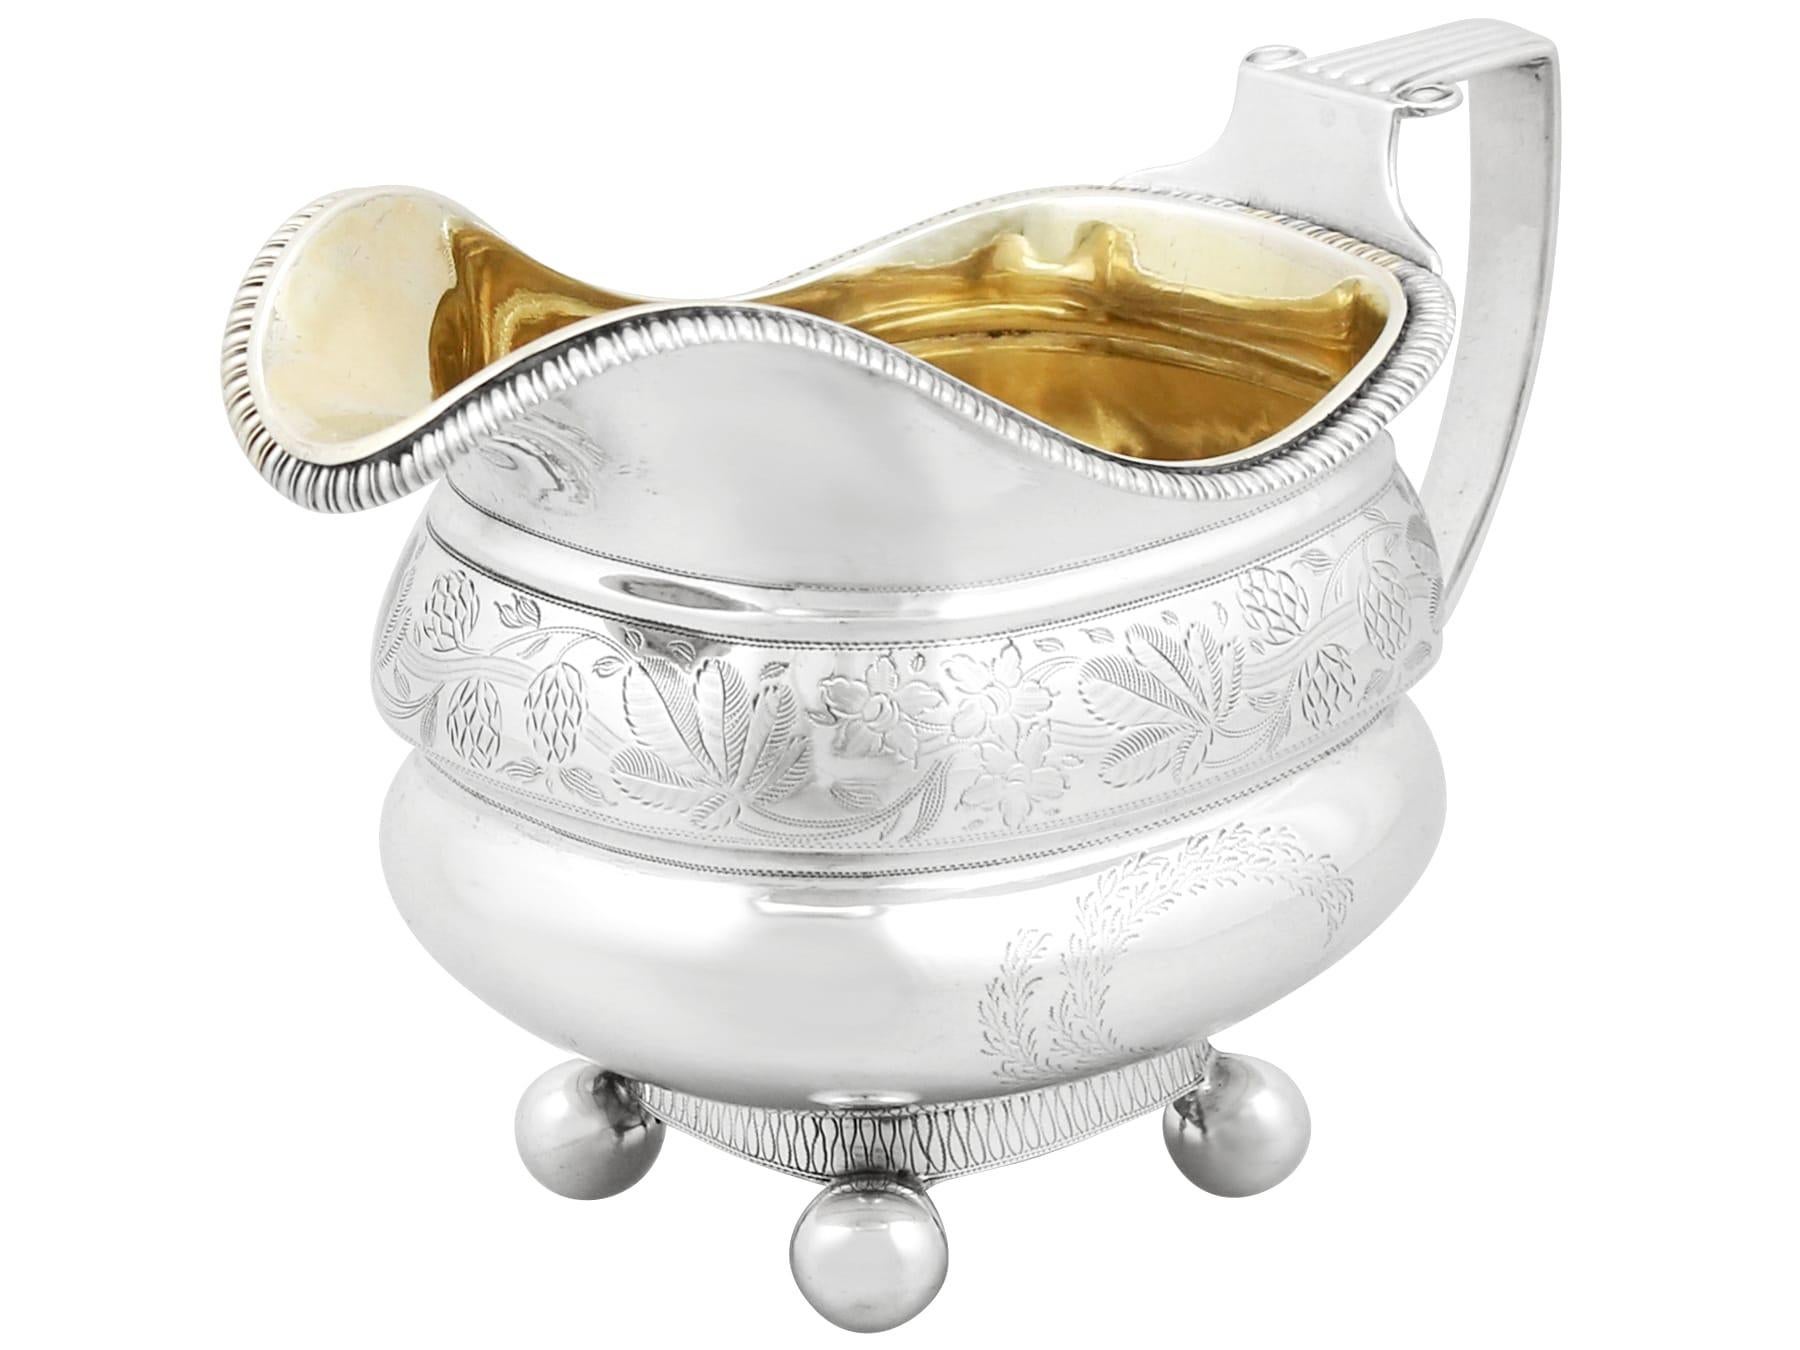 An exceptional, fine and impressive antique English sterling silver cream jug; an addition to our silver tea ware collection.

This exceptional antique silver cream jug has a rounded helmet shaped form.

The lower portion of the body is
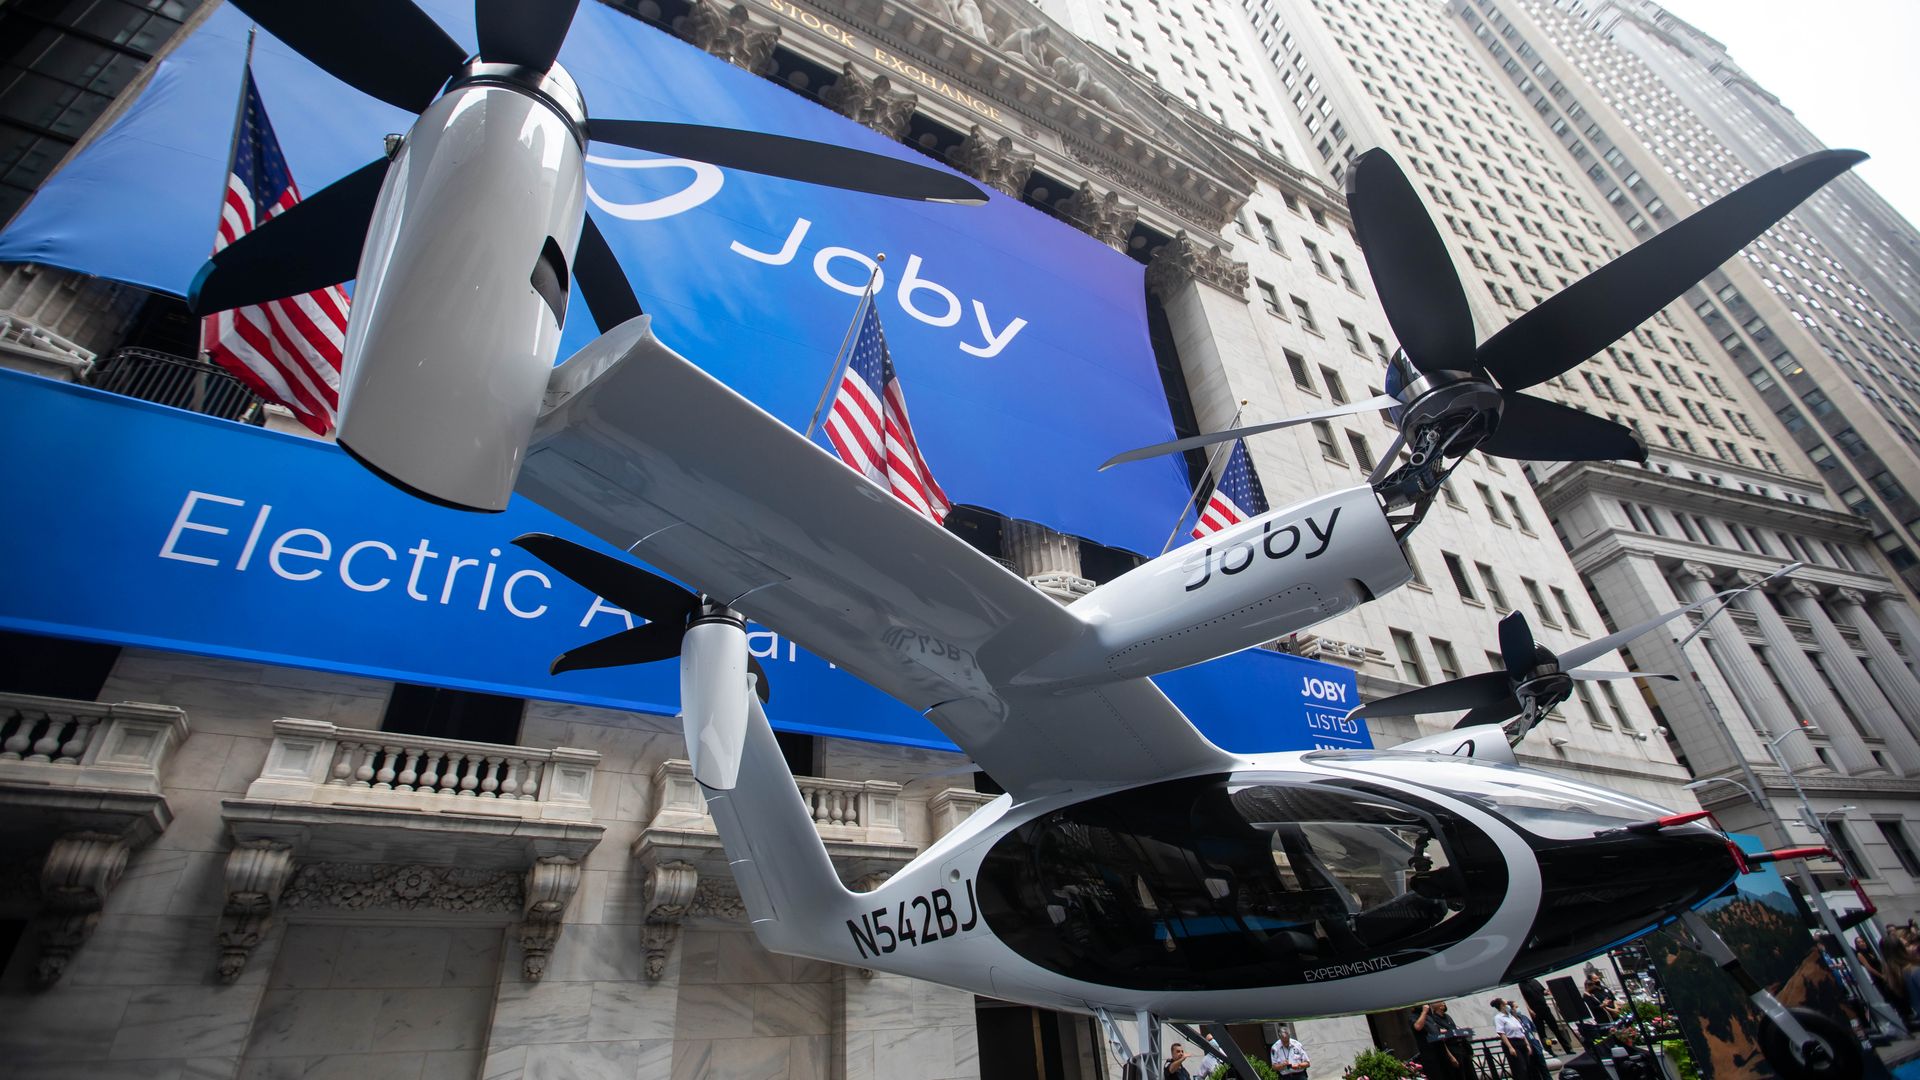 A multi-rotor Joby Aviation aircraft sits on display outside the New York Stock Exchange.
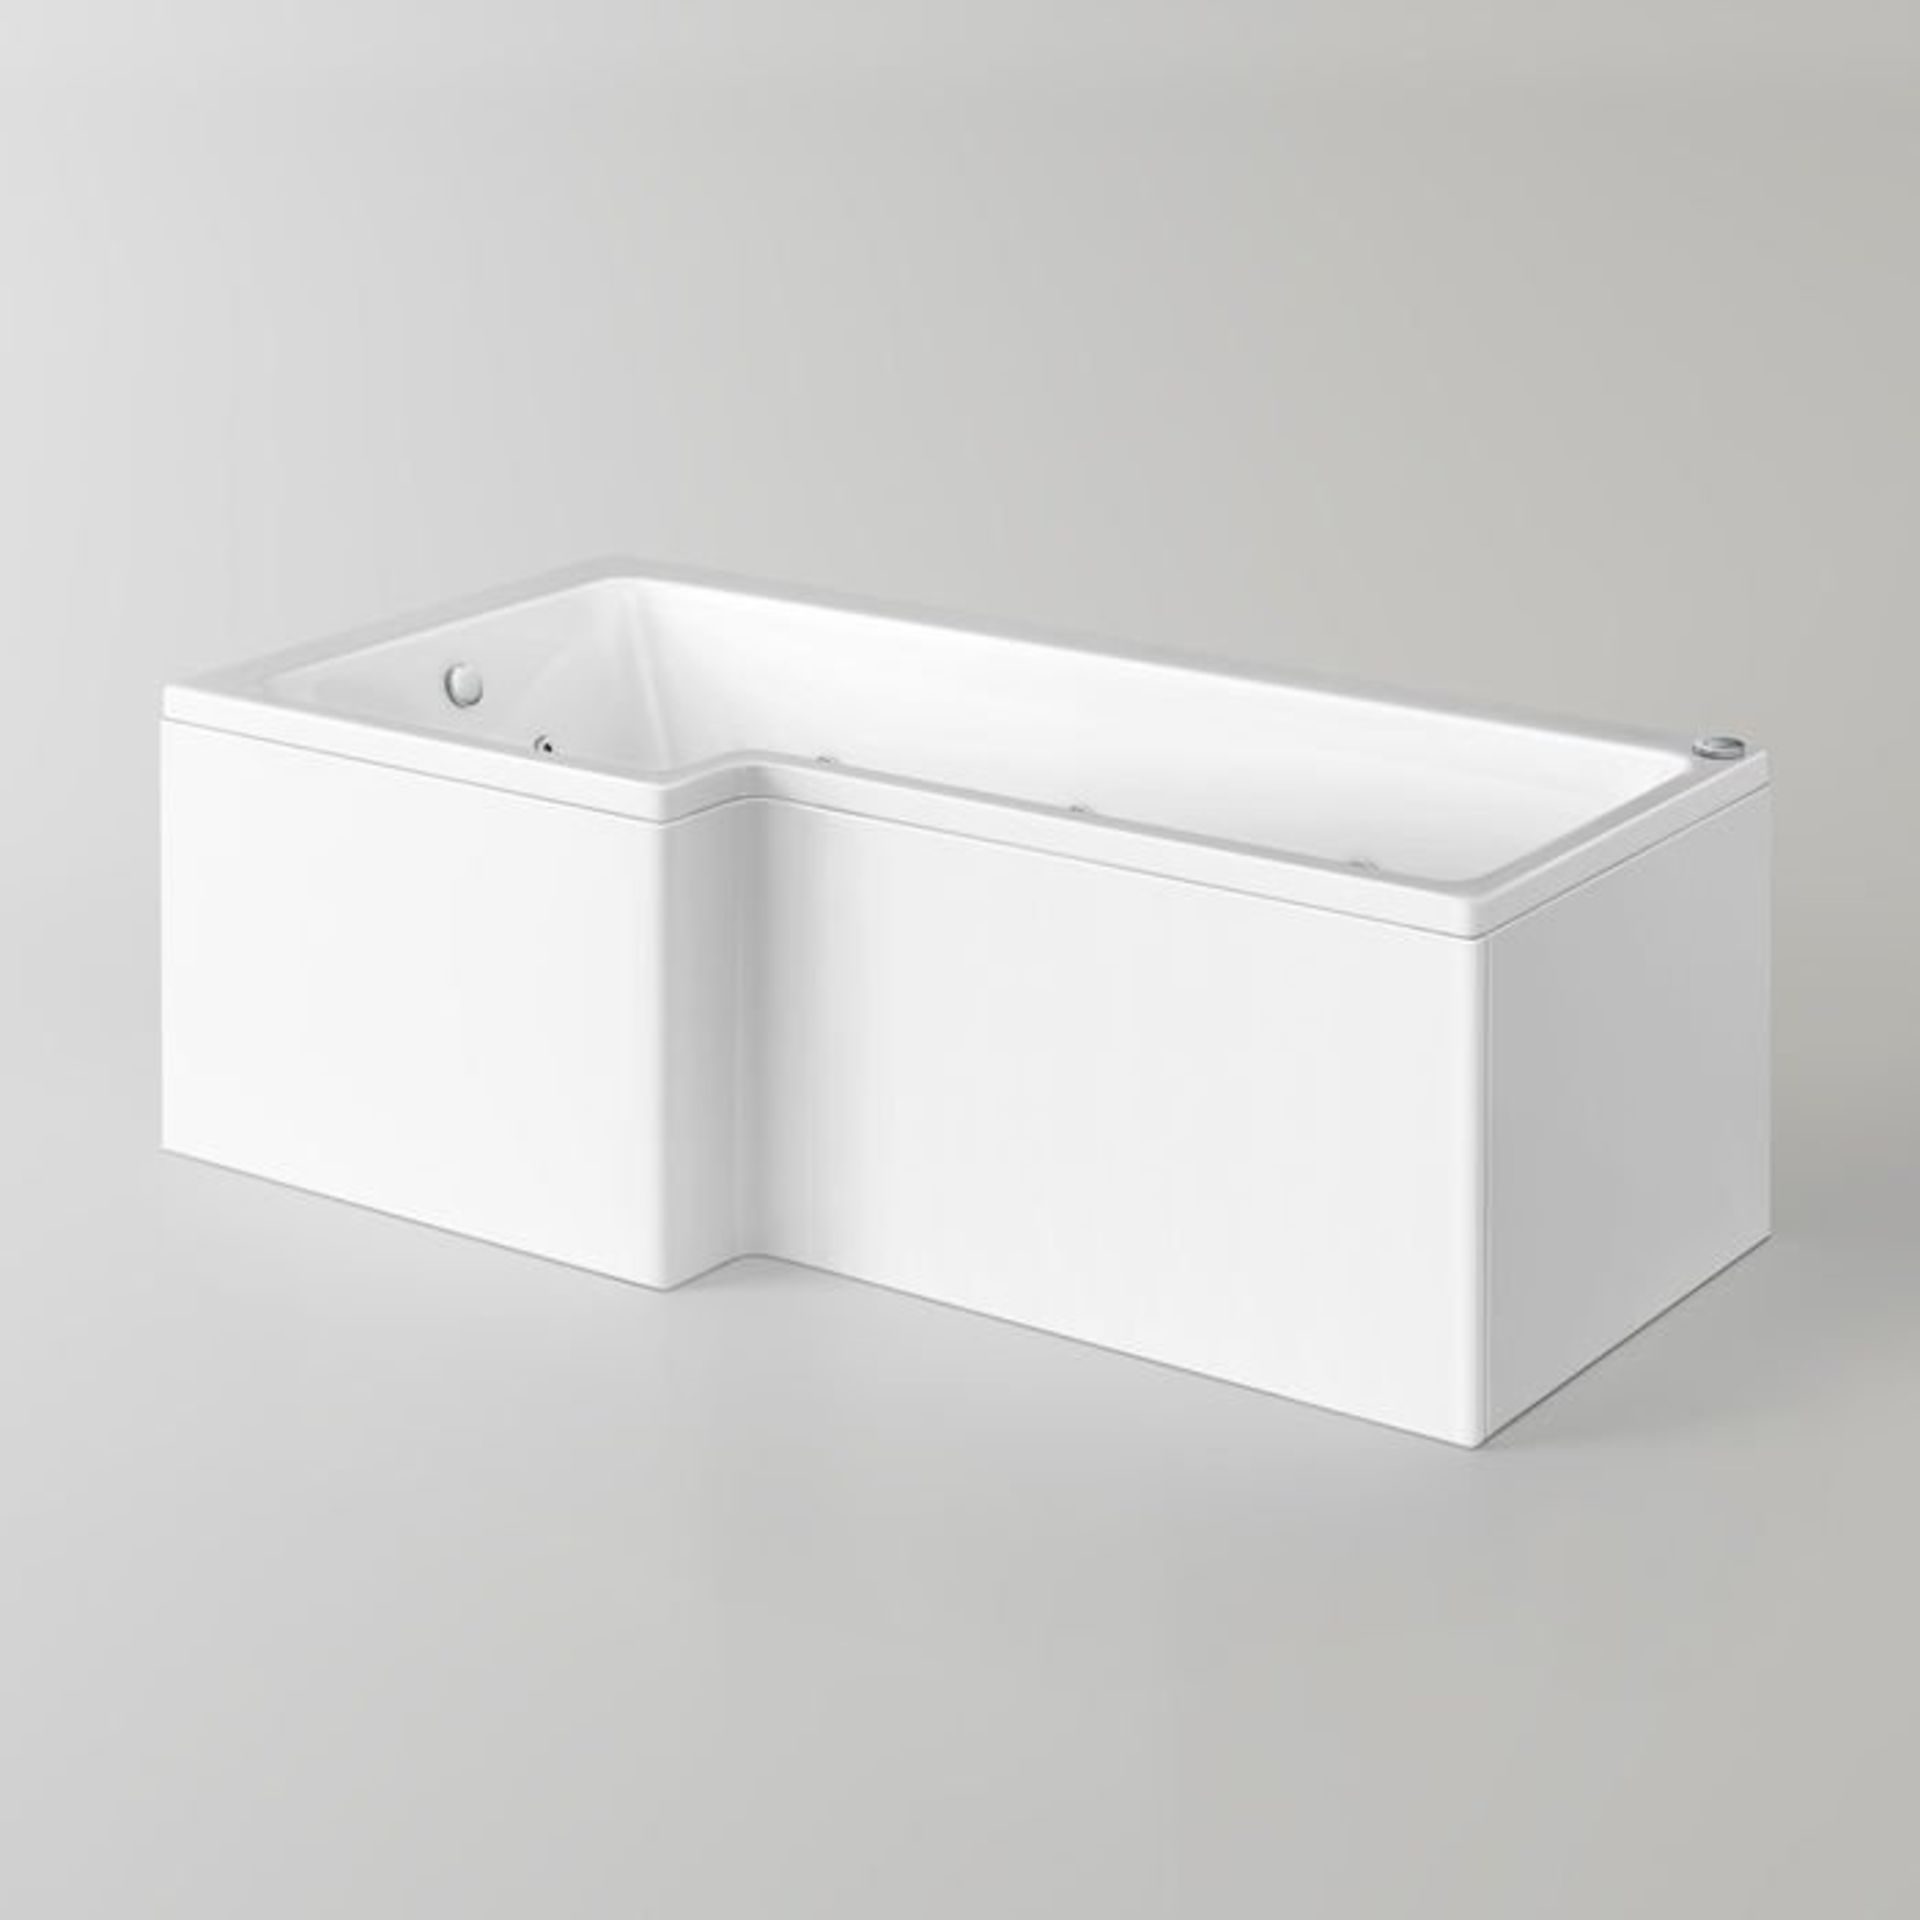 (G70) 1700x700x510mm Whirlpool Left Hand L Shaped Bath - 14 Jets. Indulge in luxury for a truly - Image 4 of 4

══════

■ To do:
All lines of the listing must be given again exactly, excluding the pictures.

■ Response to the exercise:
 An exceptional, fine and impressive antique English sterling silver cream jug; an addition to our silver tea ware collection.

This exceptional antique silver cream jug has a rounded helmet shaped form.

The lower portion of the body is
 A multi-rotor Joby Aviation aircraft sits on display outside the New York Stock Exchange.
 (G70) 1700x700x510mm Whirlpool Left Hand L Shaped Bath - 14 Jets. Indulge in luxury for a truly - Image 4 of 4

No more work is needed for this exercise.